A simile is a direct comparison using like or as.
“I mounted into the window-seat: gathering up my feet, I sat cross-legged like a Turk;
and, having drawn the red moreen curtain nearly close, I was shrined in double
retirement”. “All John Reed’s violent tyrannies, all his sisters’ proud indifference, all
his mother’s aversion, all the servants’ partiality, turned up in my disturbed mind like
a dark deposit in a turbid well”. “I heard the rain still beating continuously on the
staircase window, and the wind howling in the grove behind the hall; I grew by
degrees cold as a stone, and then my courage sank”.

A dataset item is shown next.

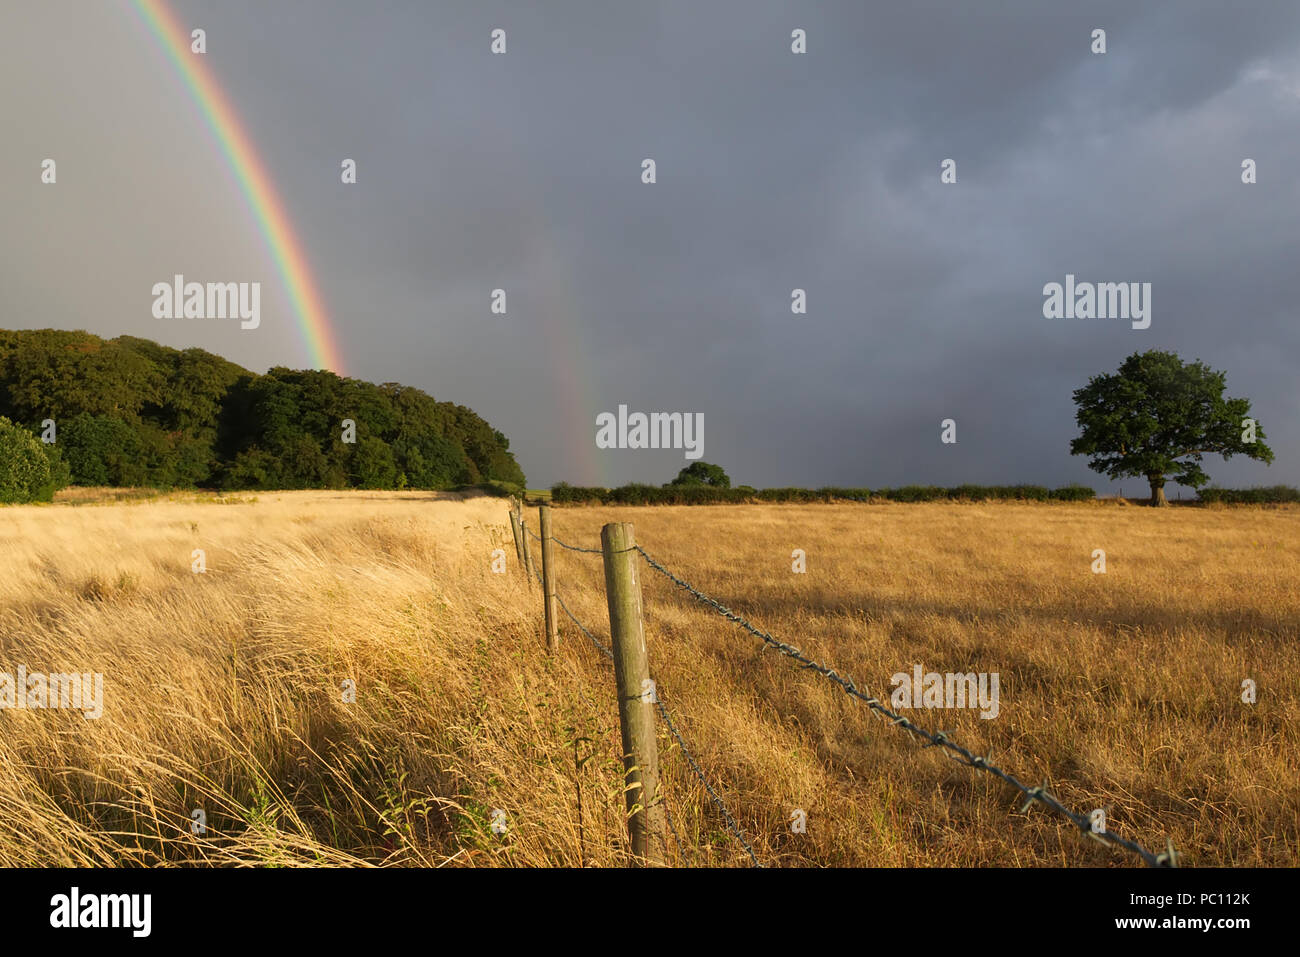 Doppio arcobaleno contro una dark sky atmosferica dopo una tempesta di pioggia a secco con campo di grano in primo piano con un recinto che conduce verso il verde di alberi in th Foto Stock
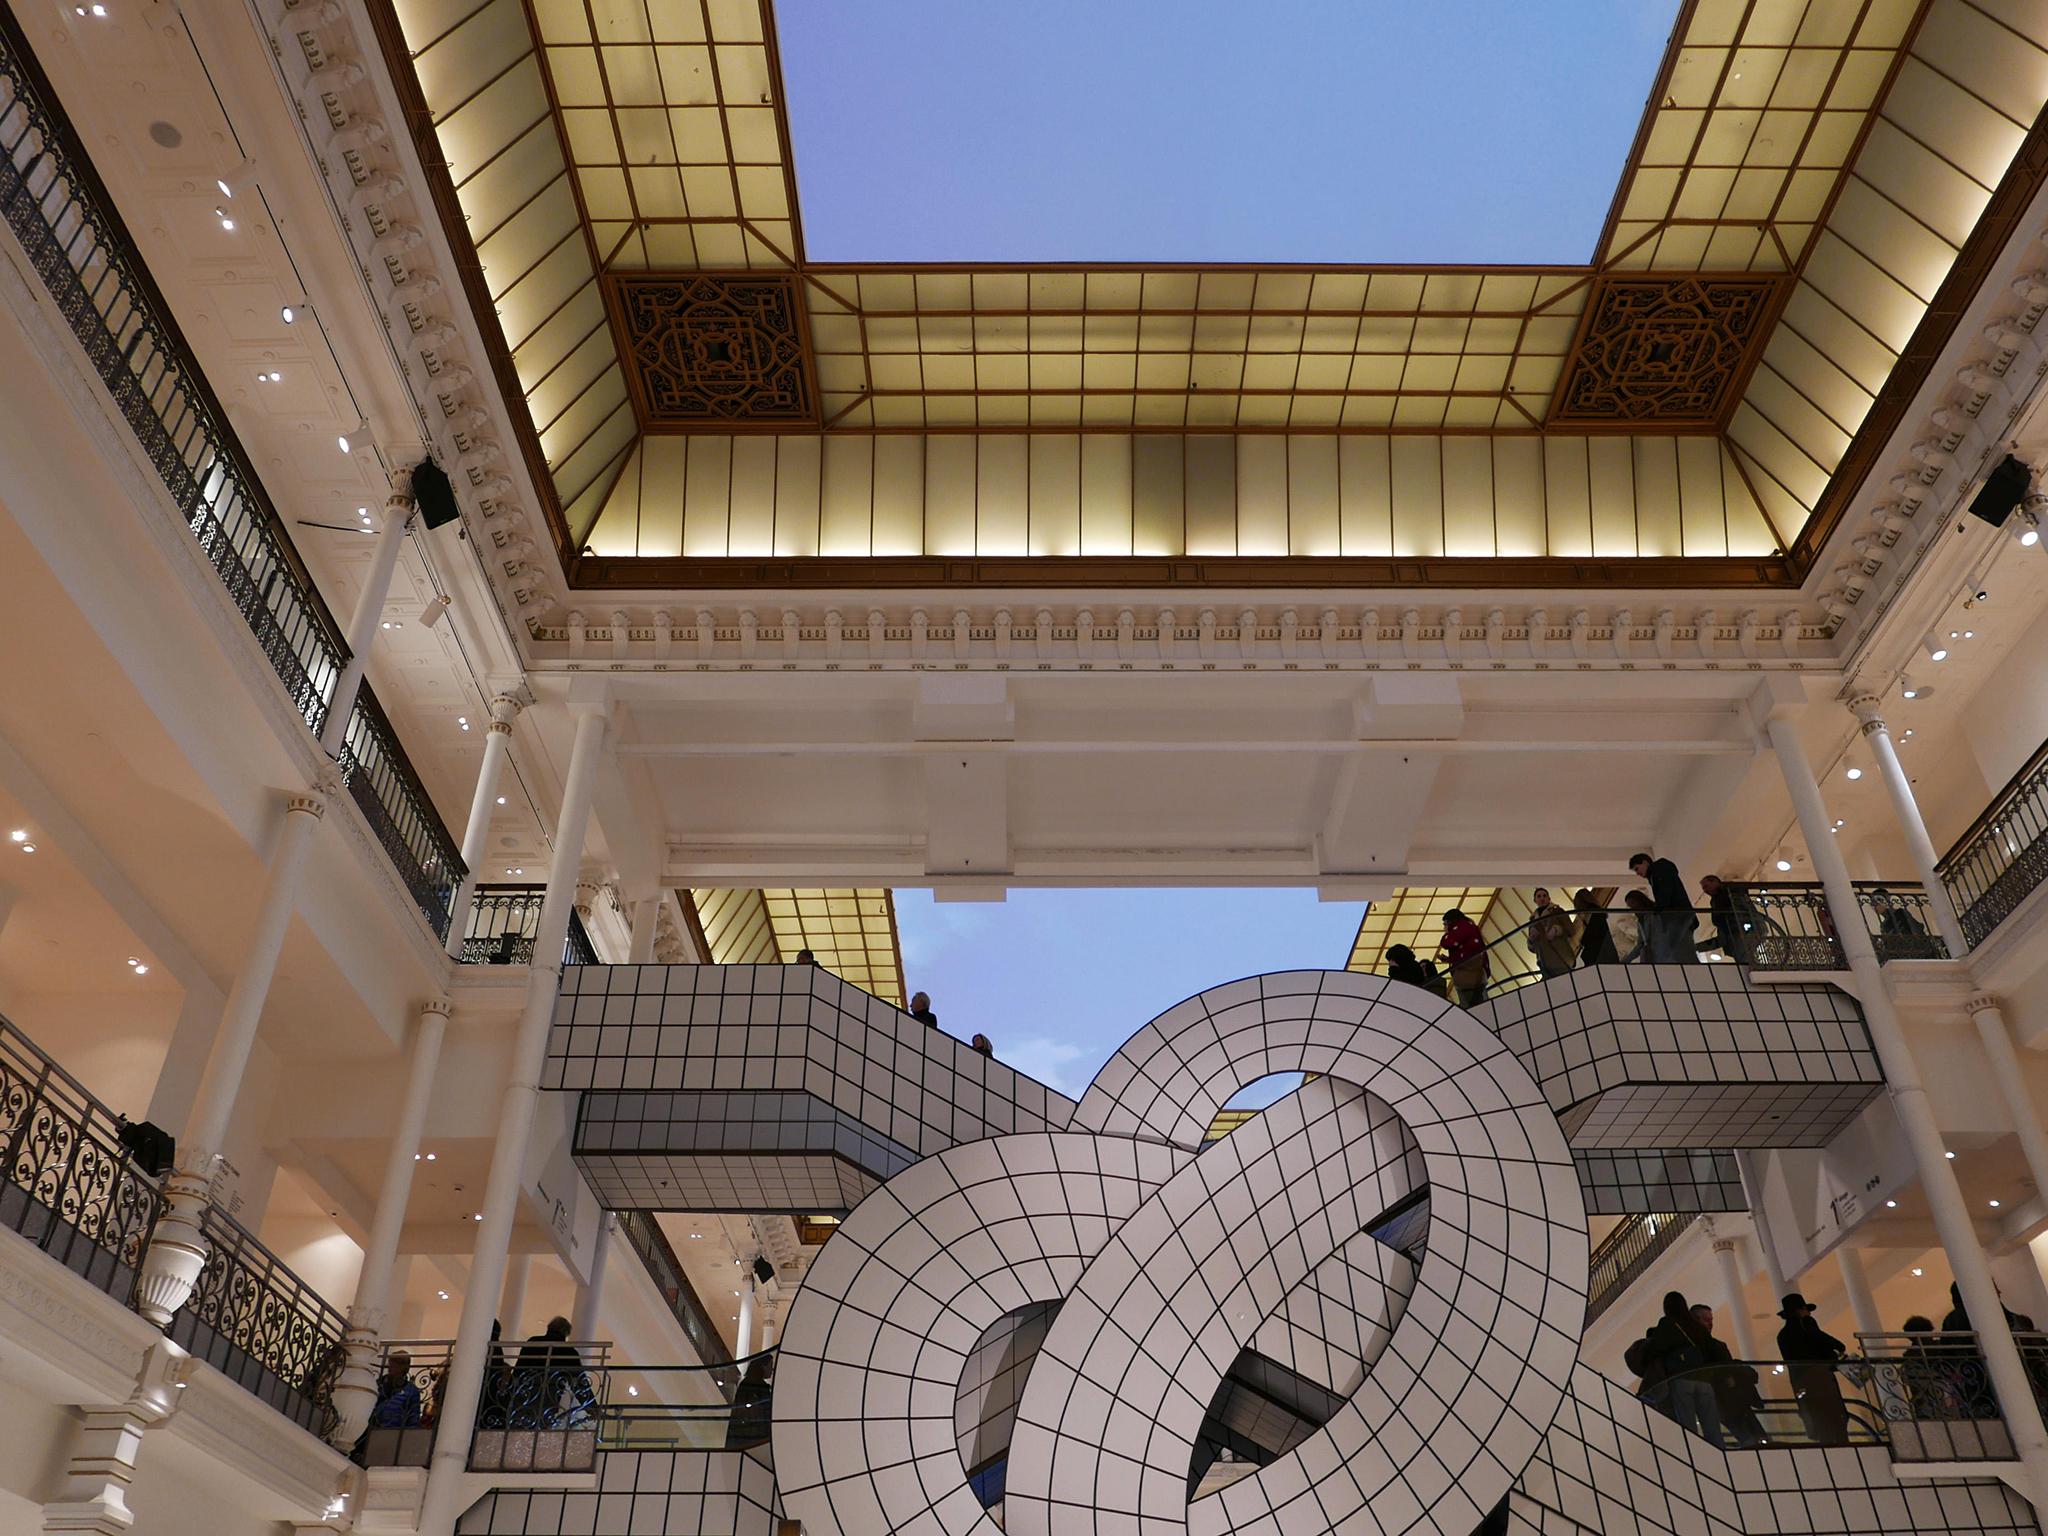 Escalators designed by Andrée Putman in Paris’s Rive Gauche department store

1. My seat, to which Bessie and the bitter miss abbot had left me
riveted, was a low ottoman near the marble chimney -piece; the bed
rose before me; to my right hand there was the high, dark
wardrobe, with subdued, broken reflections varying the gloss of its
panels; to my left were the muffled windows; a great looking -glass
between them repeated the vacant majesty of the bed and room.
Ottoman
; (Merriam Webster dictionary) a low piece of furniture that has soft
top and that you can put your feet on when you are sitting
;introduced into Europe in the late 18th century from Turkey, where,
piled with cushions, it was the central piece of domestic seating.
2. .... nestling in a wreath of convolvuli and
rosebuds,
convolvuli ; (finedictionary.com) a twining plant with trumpet-shaped flowers, some
kinds of which (such as bindweed) are invasive weeds, while others, especially
morning glories, are cultivated for their bright flowers.